A fala provocou risadas entre participantes da sessão e foi seguida por nova manifestação de outro advogado em apoio à mesma referência. Ao cumprimentar Beltrão, o magistrado observou a imagem exibida na videoconferência e destacou elementos visuais que, segundo ele, poderiam remeter à data.

“Quero cumprimentar o doutor Abraão Beltrão que, além de se postar ao lado da bandeira, também traja um paletó e uma gravata verde oliva, talvez fazendo referência ao 31 de março”, disse Salles. A declaração foi recebida com risadas de autoridades que acompanhavam a chamada, inclusive do próprio advogado citado, que não negou a associação feita pelo juiz durante a sessão do TJ-PB.

No vídeo abaixo, o momento exato:

Poucos minutos depois, a menção ao período da ditadura voltou a ser reforçada por outro integrante da sessão. O advogado João Estrela afirmou: “Aproveitando o ensejo, quero me acostar ao posicionamento do doutro Abraão Beltrão em favor da revolução de 31 de março. Não estou vestido a caráter, mas me associo a ele”. Abaixo, o vídeo:

A fala ampliou a repercussão do episódio, por ocorrer em um ambiente institucional do Judiciário e por retomar, em tom de concordância, uma referência positiva ao movimento que derrubou o presidente João Goulart e abriu caminho para duas décadas de regime militar no país.

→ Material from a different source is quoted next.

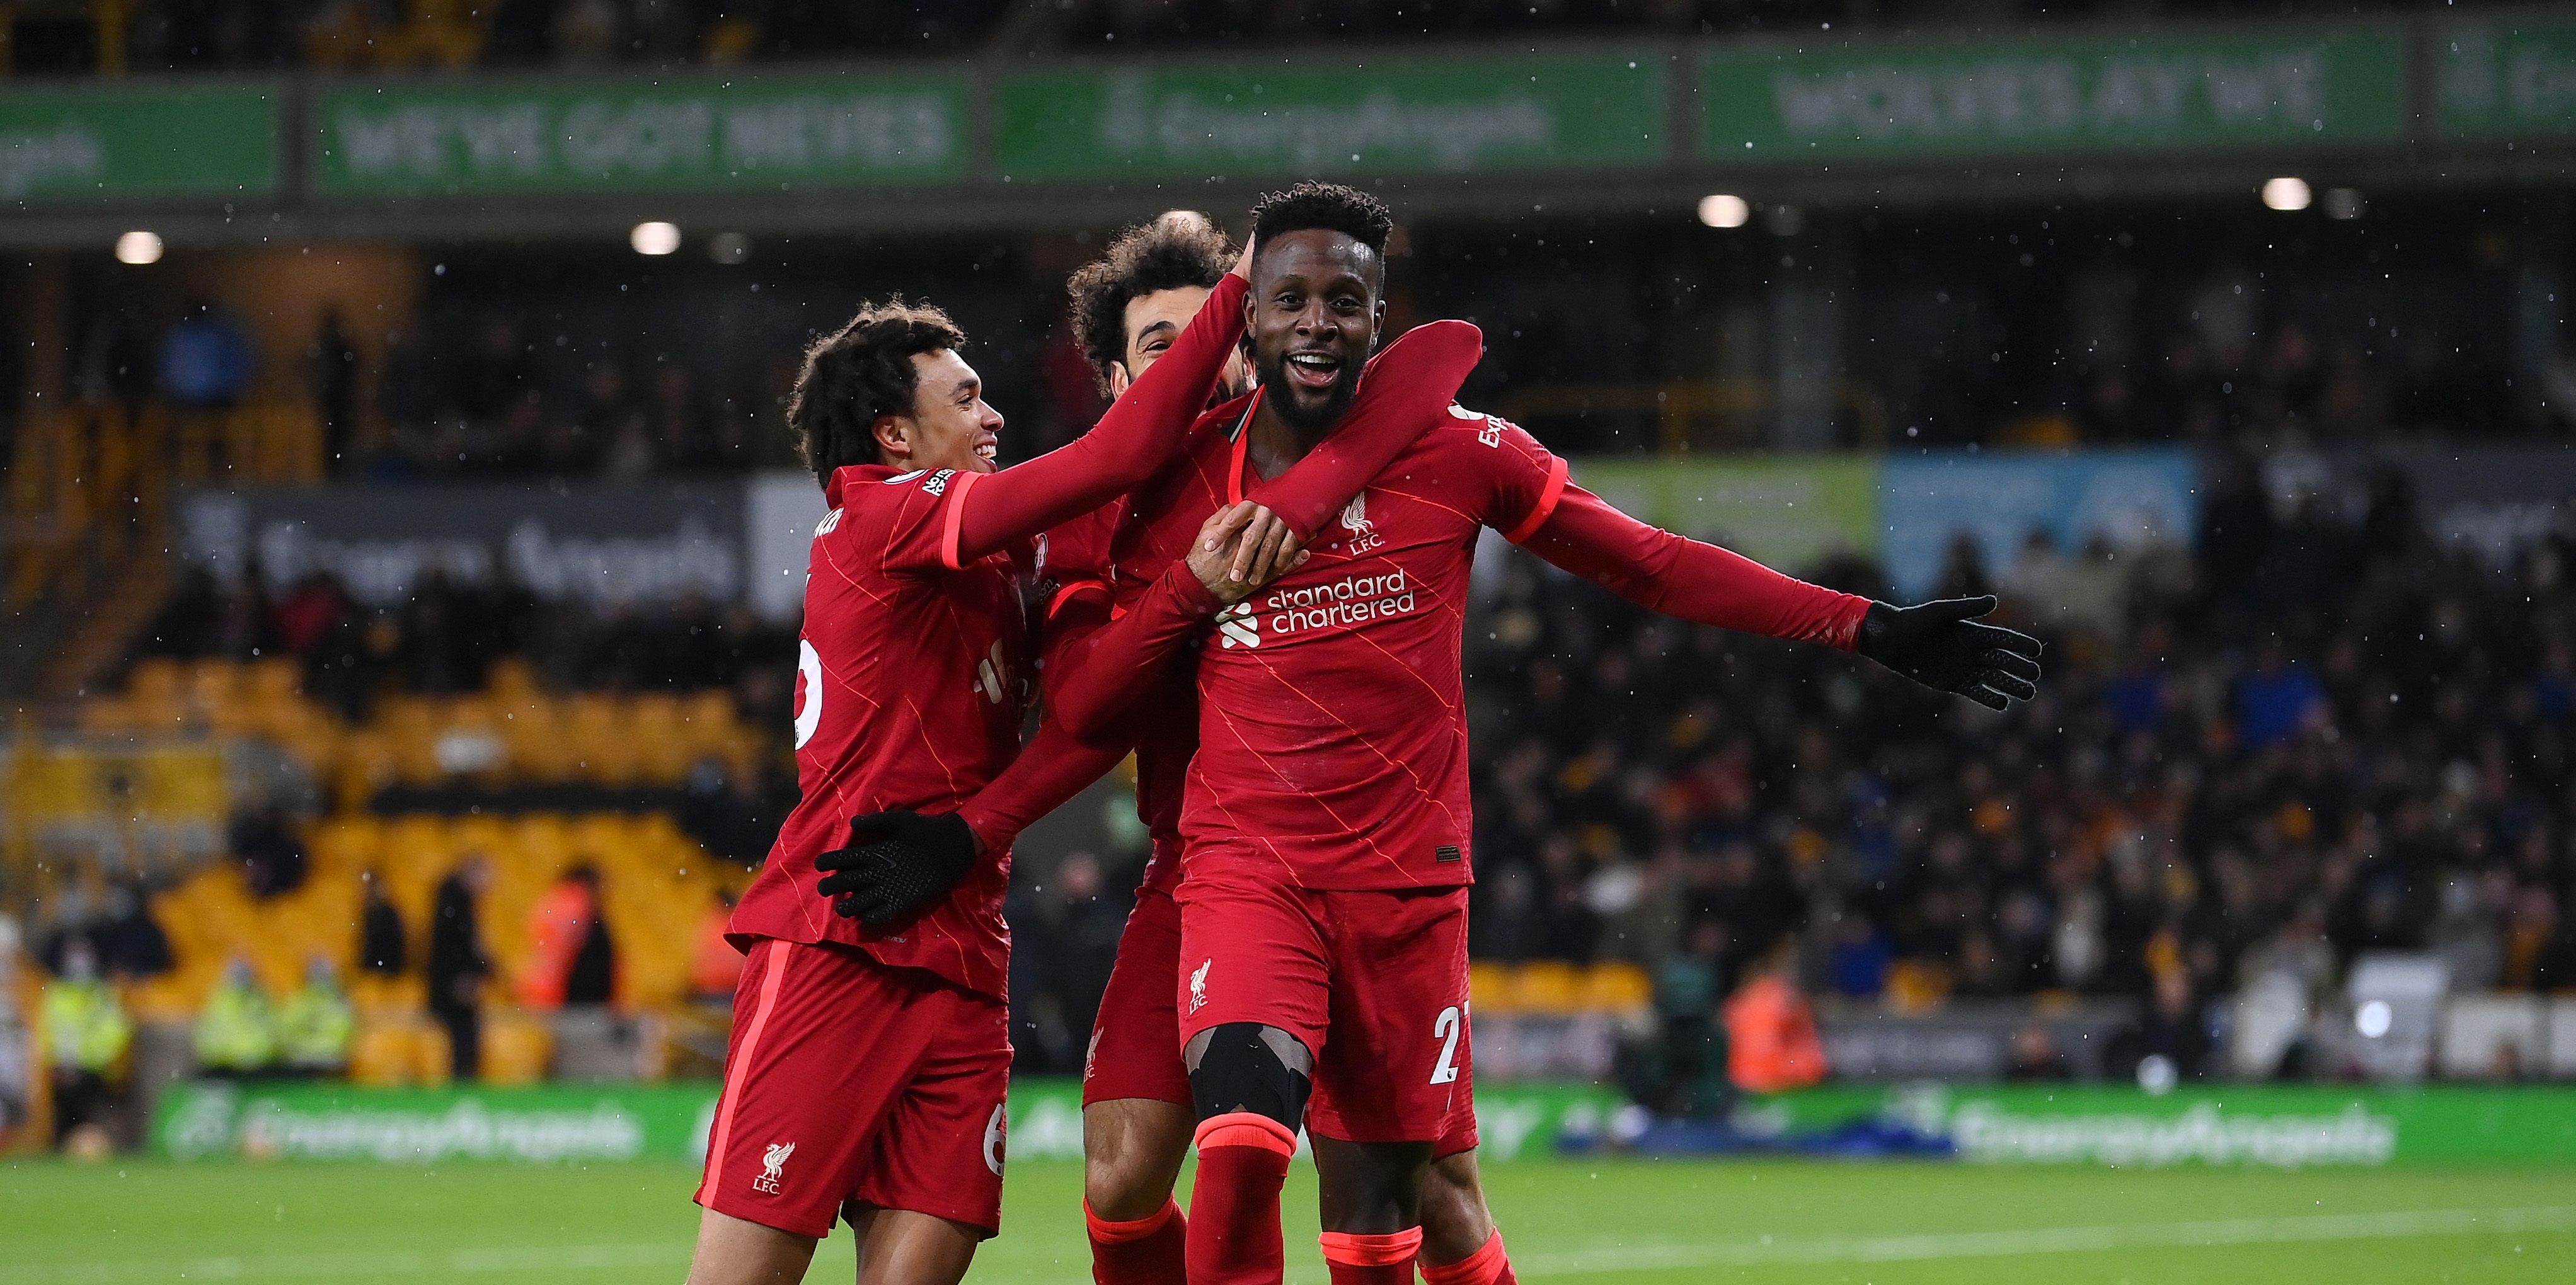 Romano provides Divock Origi contract update as Serie A outfit ‘pushing to complete agreement’ with the Belgian

O 31 de março de 1964 marca o início da movimentação militar que resultou na deposição de Goulart. A ruptura institucional se consolidou em 1º de abril, quando o presidente deixou o país e os militares assumiram o poder.

Ainda assim, o 31 de março foi adotado pelos próprios militares como marco simbólico do golpe, numa tentativa de evitar a associação com o Dia da Mentira.